Advanced Python: Achieving High Performance with Code Generation

An old-school technique for the modern world

Yonatan Zunger
12 min readAug 11, 2022

Note: This is an advanced technique and I’m going to assume you’re fluent in Python before trying this. If the phrase “hand-rolled bytecode” makes you laugh maniacally, this article is for you. If it makes you think “this is almost certainly a terrible idea,” then you have the right level of caution to be considering using it. This method is a powerful footgun and should be handled with care.

Python is a beautiful programming language, but it is not known for its speed.

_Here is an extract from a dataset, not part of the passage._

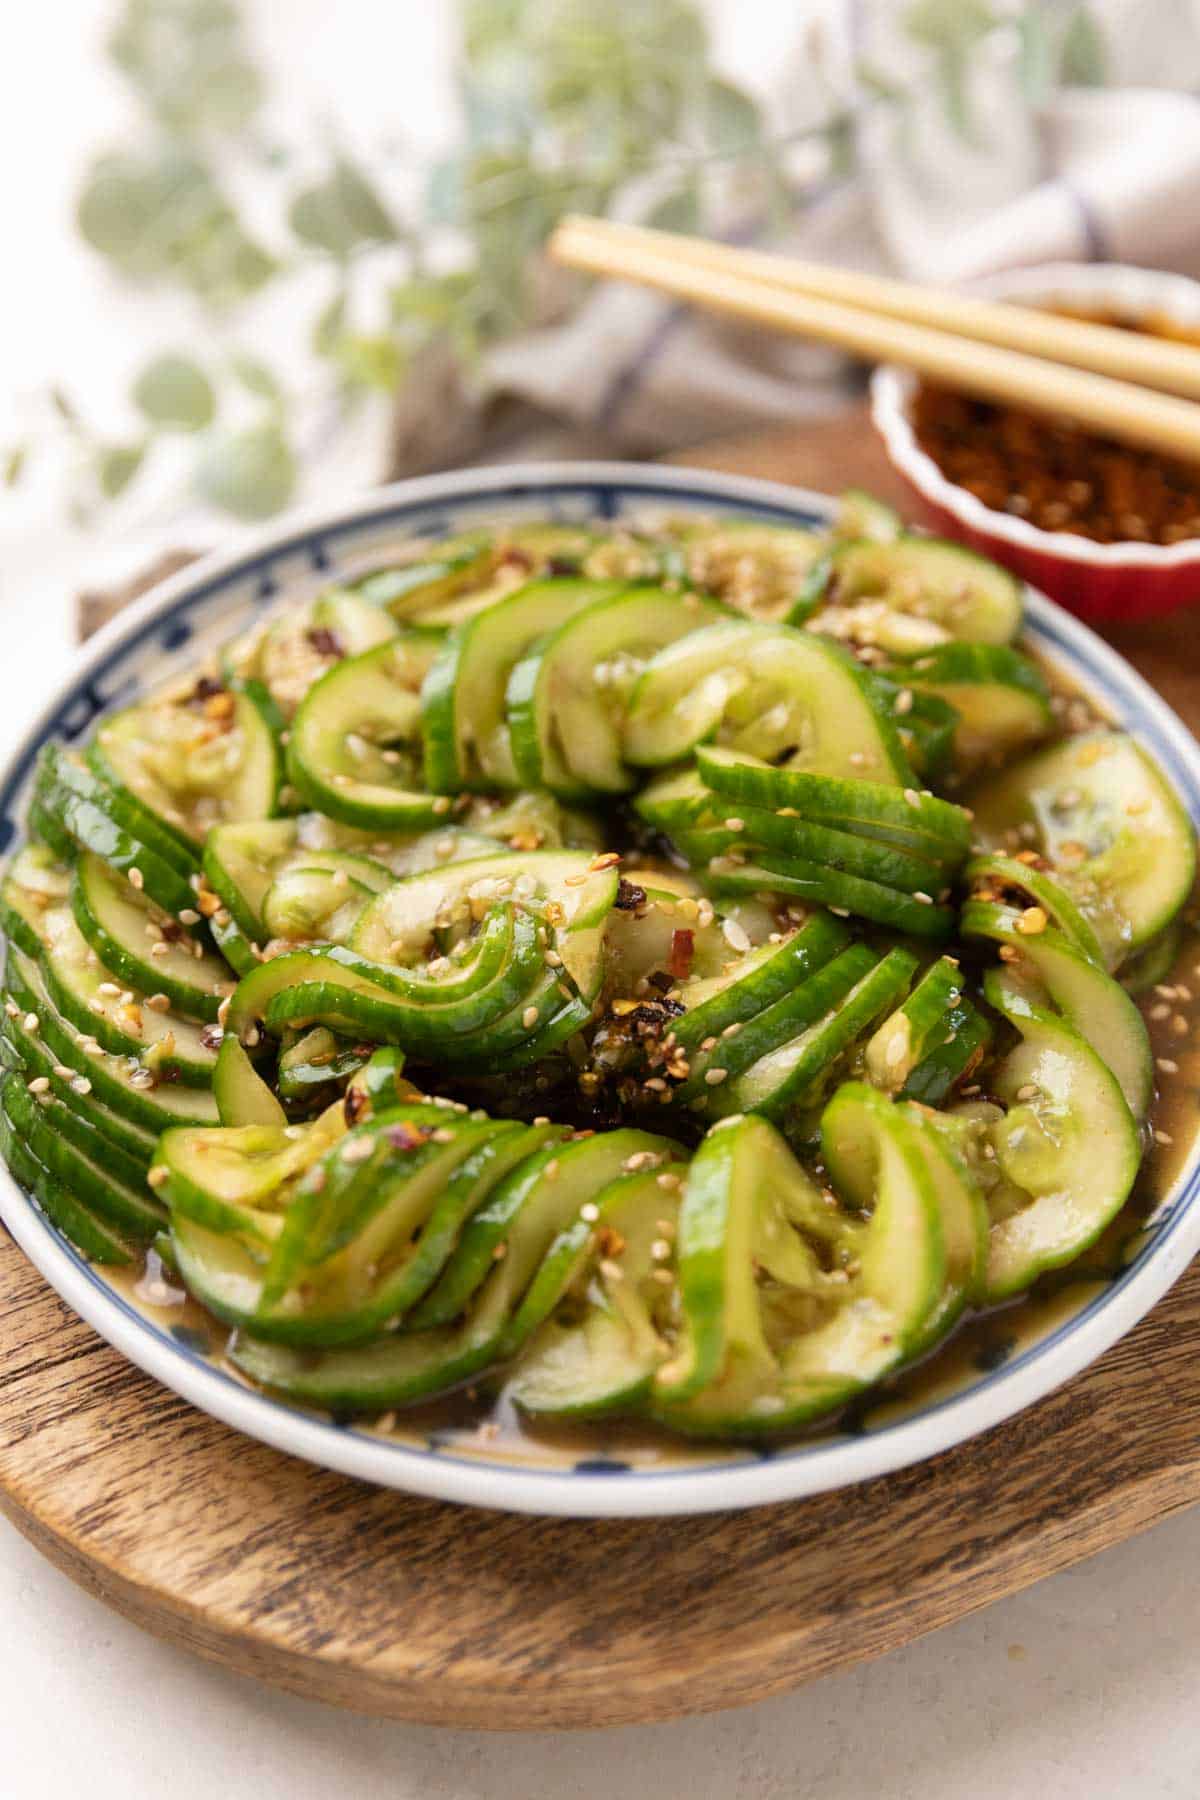 asian cucumber salad served in a blue and white plate placed on a brown board with a red bowl of salad dressing and chopsticks on the side

That said, it has many other excellent features, and so for applications where raw performance is not the dominant problem, it is possible to write very high-quality production stacks in this language. But sometimes, deep inside your stack, there’s an inner loop that you can’t ignore, and it’s time to write high-performance Python.

Today I’m going to illustrate one of the more unusual techniques for this: dynamic code generation, or codegen for short. This is a classic technique that was common in many programming languages up through the 1980’s, fell out of favor for reasons we’ll discuss below, but is well-worth reconsidering today.

Because it’s nuanced, I’m going to first discuss when the technique is appropriate, and then illustrate it with a detailed, real-world example from Humu, where it sped up a production stack by nearly 2x.

This is not going to be a “Stack Overflow”-type article from which you can copy and paste; the whole point of this technique is to be extremely specific to your use case. Instead, the goal is to provide enough explanation that you’ll be able to use it yourself.

What is dynamic code generation?

The basic concept is this: in cases where you have an inner loop that’s very expensive because it has to be generic, handling a wide range of cases, but in any particular call to the loop you can be very specific, you can speed up code tremendously by moving the genericity out of the loop: by constructing a function that does just the one thing you need for this run, and calling that in your inner loop instead.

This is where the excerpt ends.